Now THAT one I knew.  If I had a brain, I would've extrapolated.

One thing - what's this SW-21 4-SAT you're implying? A pair of Twins (110/119 + 148/157) via SW-21? A Twin plus a SW-21X plus 2 single birds?


----------



## n0qcu (Mar 23, 2002)

Simon,
An SW21 4 sat is a SW21 cascade with a SW64 (Like I've use, see sig)


----------



## garypen (Feb 1, 2004)

SimpleSimon said:


> If I had a brain, I would've extrapolated.


Hey now! This is a family forum!


----------



## SpencerKat (Apr 24, 2002)

I want to thank everyone who contributed to the discussion.

I bought a 721 from DishDepot, and a supposedly new Dishpro Twin LNB on eBay for $24.

Once they arrive and I run into difficulty installing them correctly, I'll be back here with more questions.
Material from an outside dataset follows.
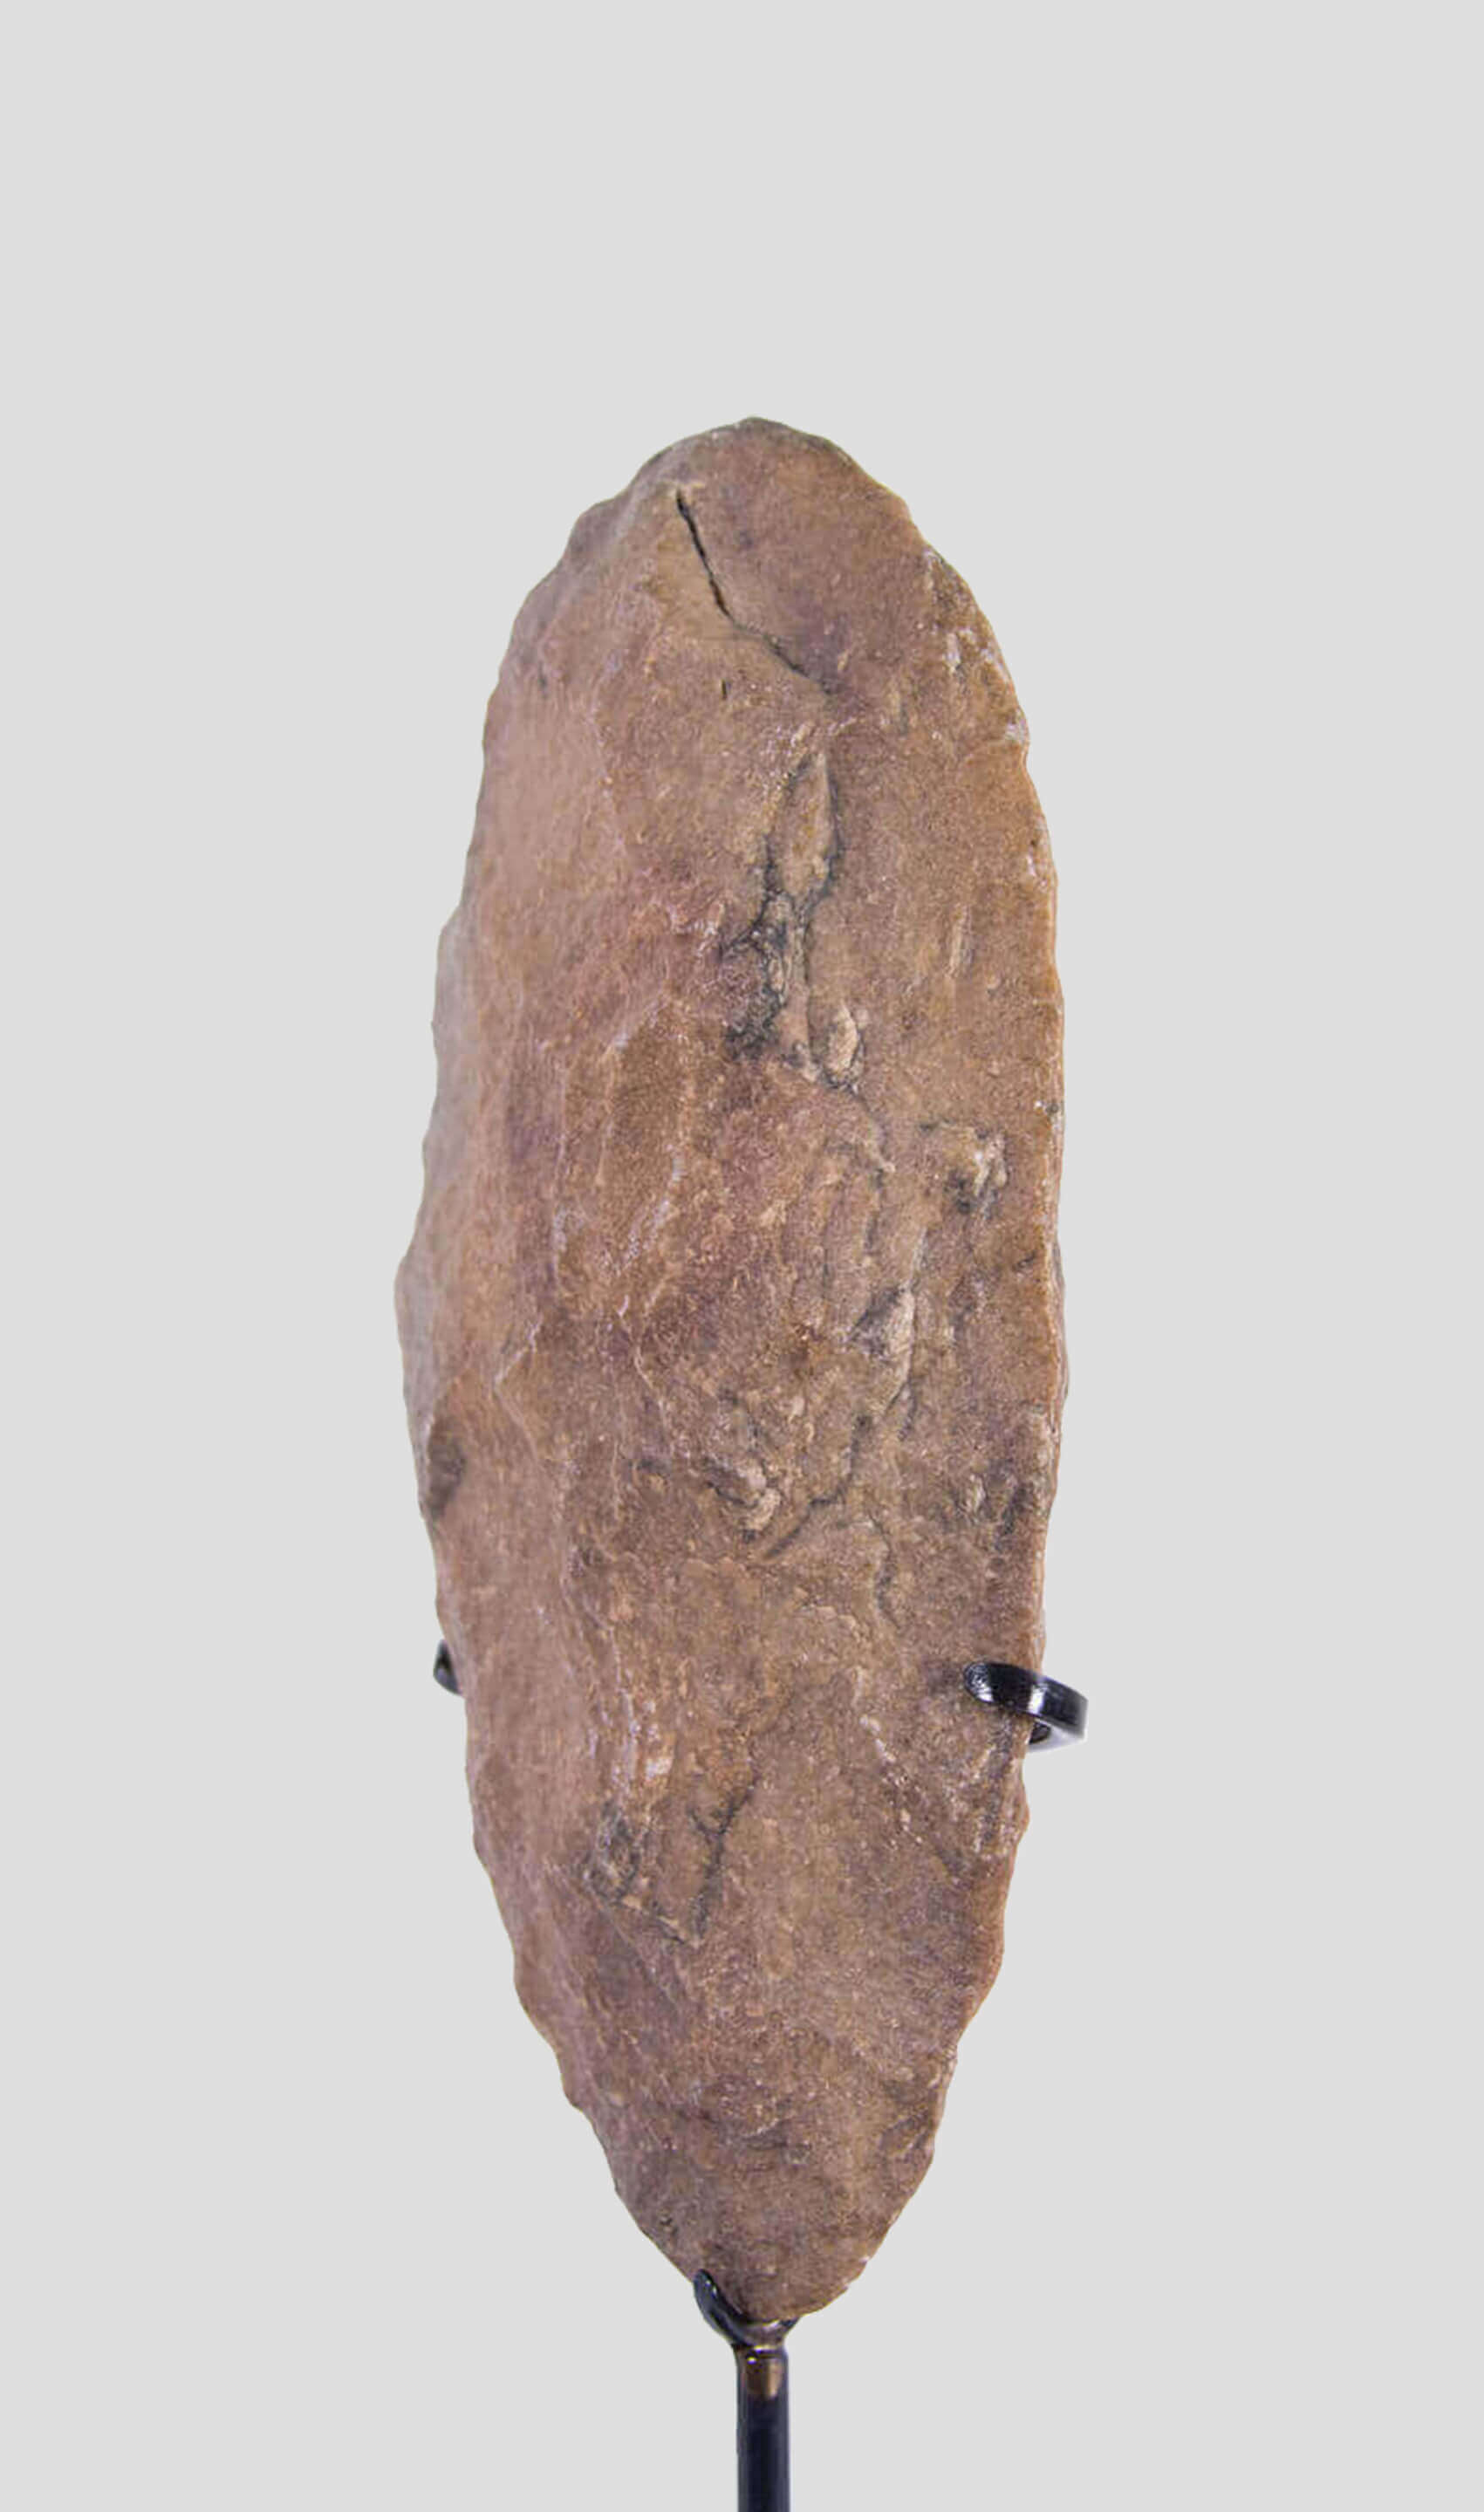 A stunning hand axe artefact for sale in a peach tone colour

Once again, thanks to everyone.

Richard


----------



## garypen (Feb 1, 2004)

Difficulty? Nah. That setup should be piece of cake.


----------



## SimpleSimon (Jan 15, 2004)

n0qcu said:


> Simon,
> An SW21 4 sat is a SW21 cascade with a SW64 (Like I've use, see sig)


Thanks!


----------